> TASK DIRECTIONS
Would you return the data below exactly as it stands, with every picture left out?

> SUPPLIED DATA

*** Begin section ***

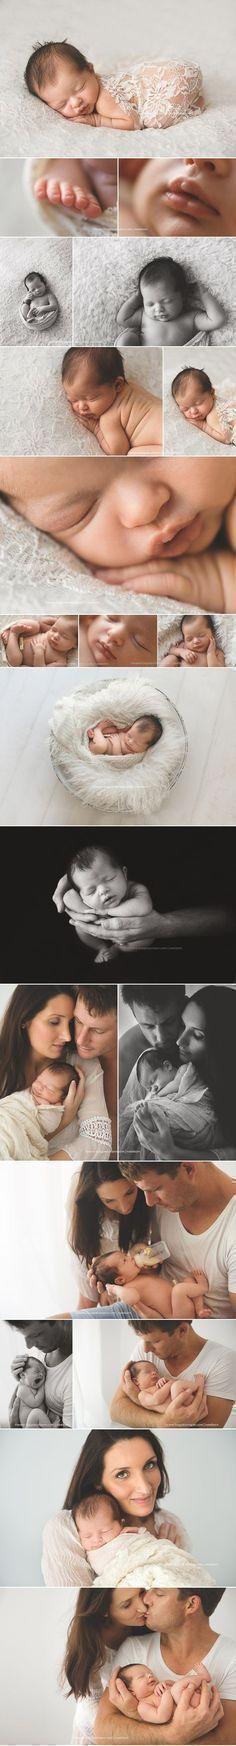 Matilda   Perth Maternity and Newborn Photographer » Perth Baby Photographer Lisa Goessmann Modern Photography Newborn Photography babies and pregnancy #maternityphotography #pregnancyphotography
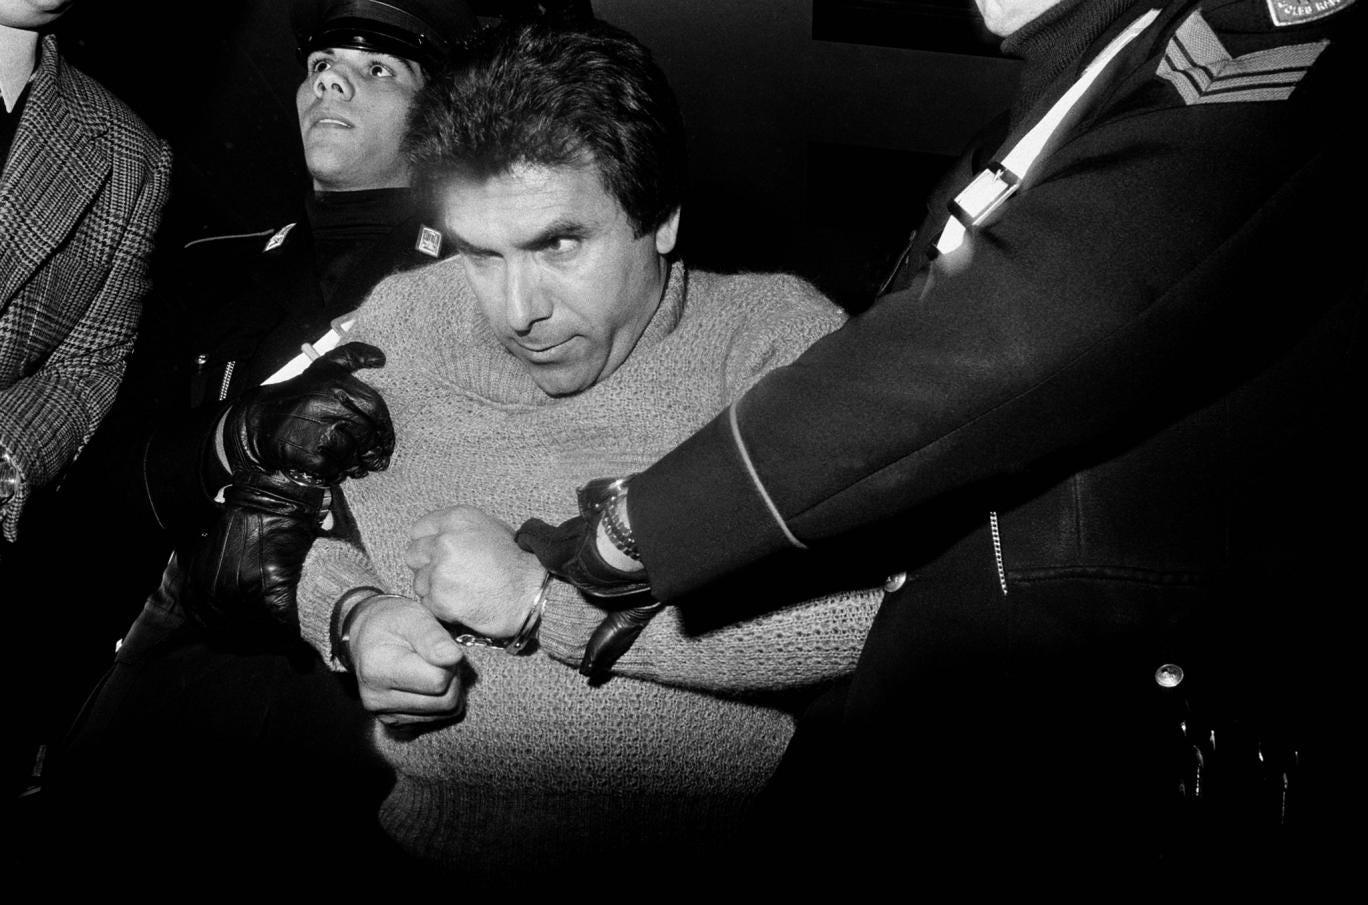 Palermo, 1980: The capture of Mafia godfather Leoluca Bagarella
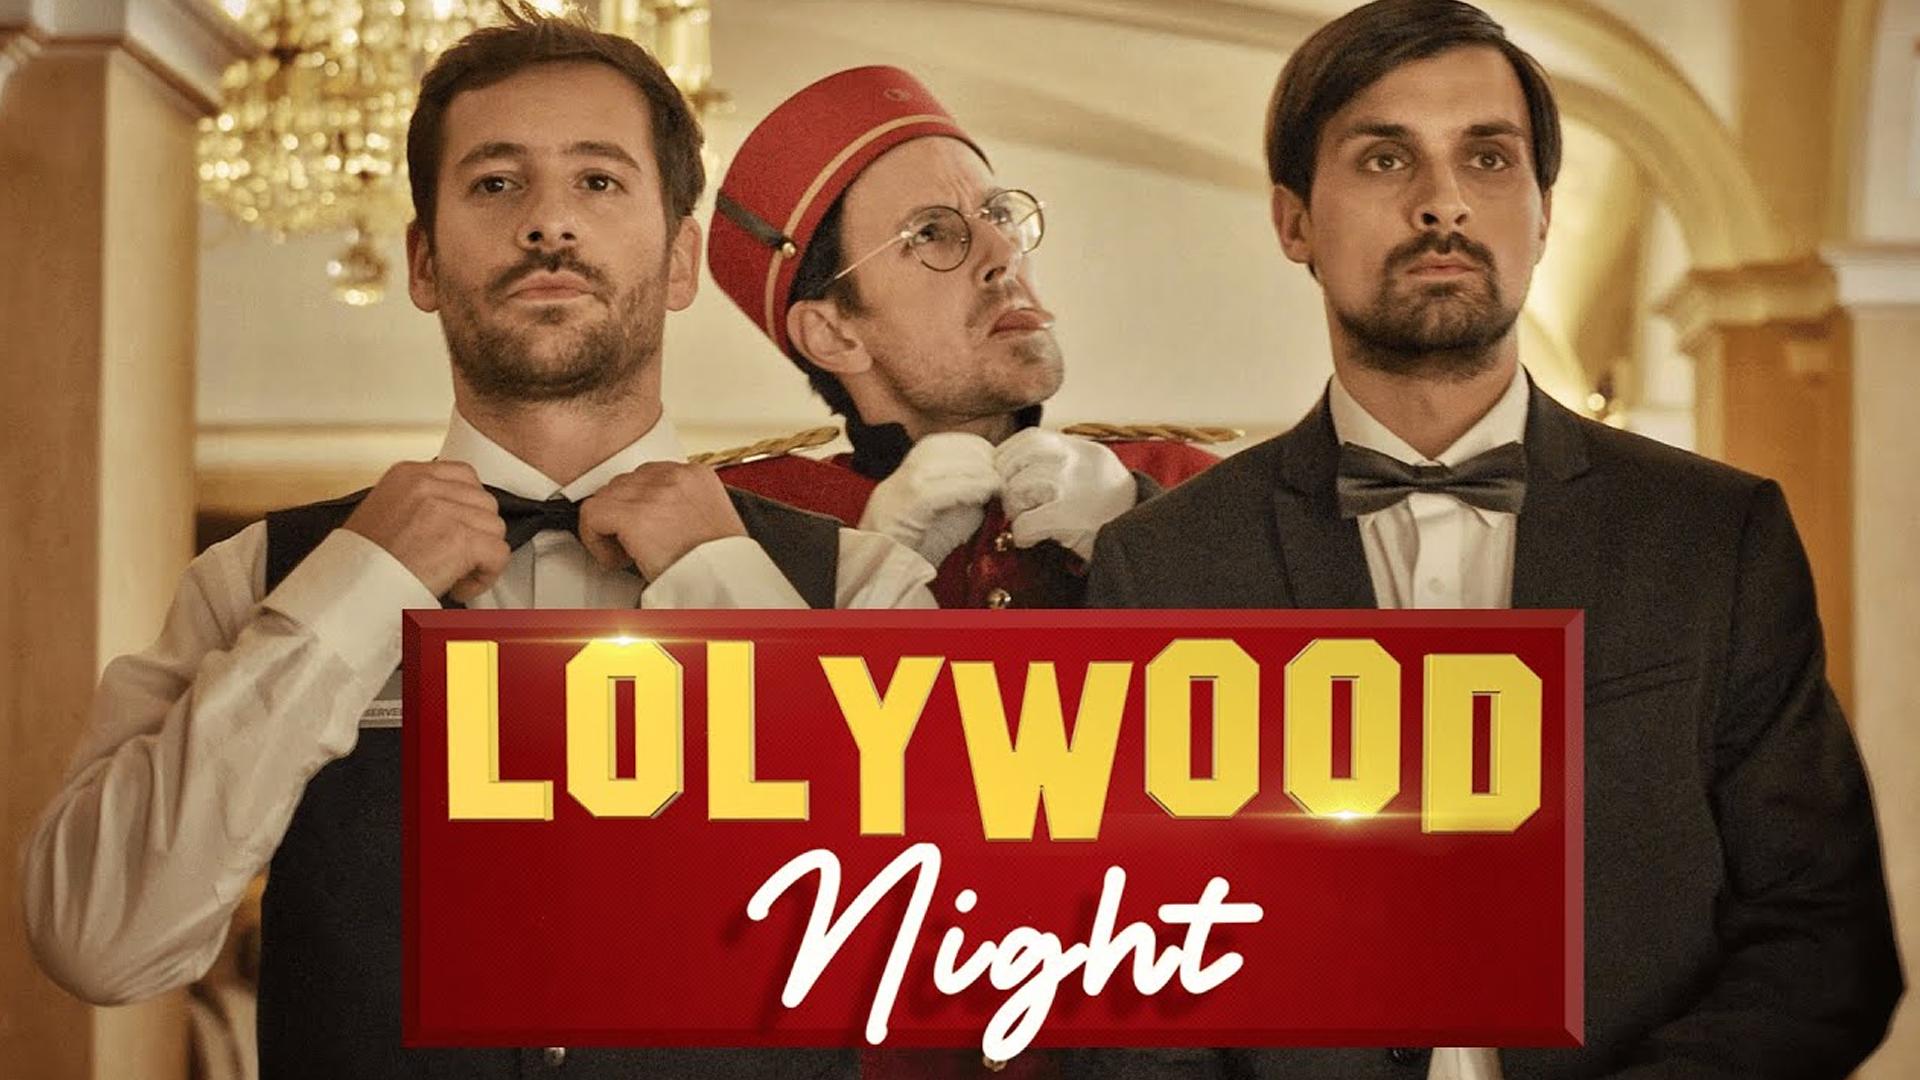 Lolywood Night

*** End section ***

> RESPONSE AREA
 Matilda   Perth Maternity and Newborn Photographer » Perth Baby Photographer Lisa Goessmann Modern Photography Newborn Photography babies and pregnancy #maternityphotography #pregnancyphotography
 Palermo, 1980: The capture of Mafia godfather Leoluca Bagarella
 Lolywood Night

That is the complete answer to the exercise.